» **Assigned task**
The reply is a verbatim copy of the listing below with its images dropped.

» **Dataset content**
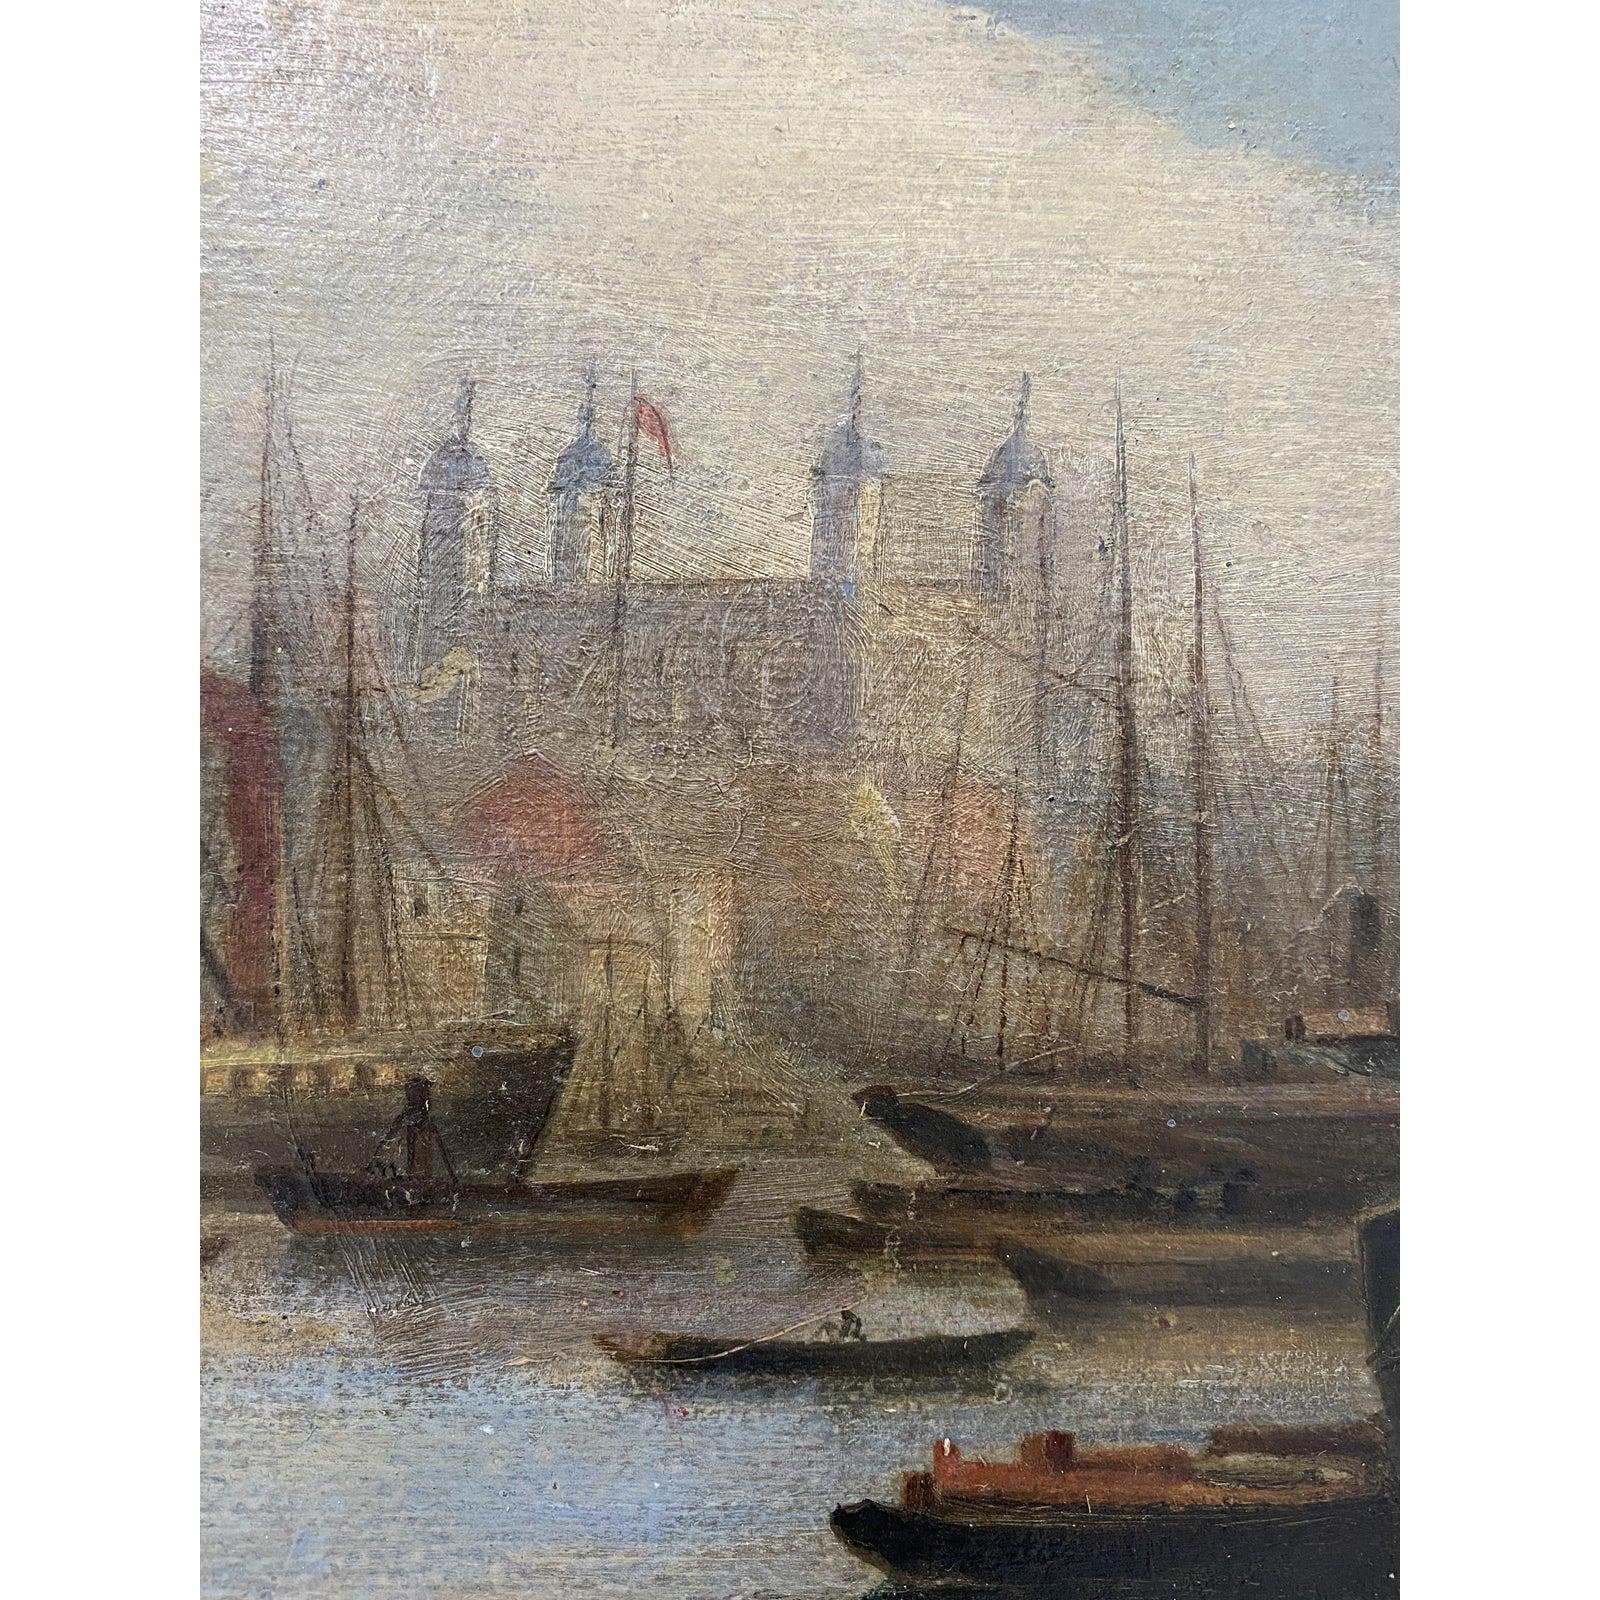 Mid 19th Century Nautical View of the Thames, London Oil Painting

A fine oil painting with the Tower of London in the background.

The panel measures 12

» **Expected output**
 Mid 19th Century Nautical View of the Thames, London Oil Painting

A fine oil painting with the Tower of London in the background.

The panel measures 12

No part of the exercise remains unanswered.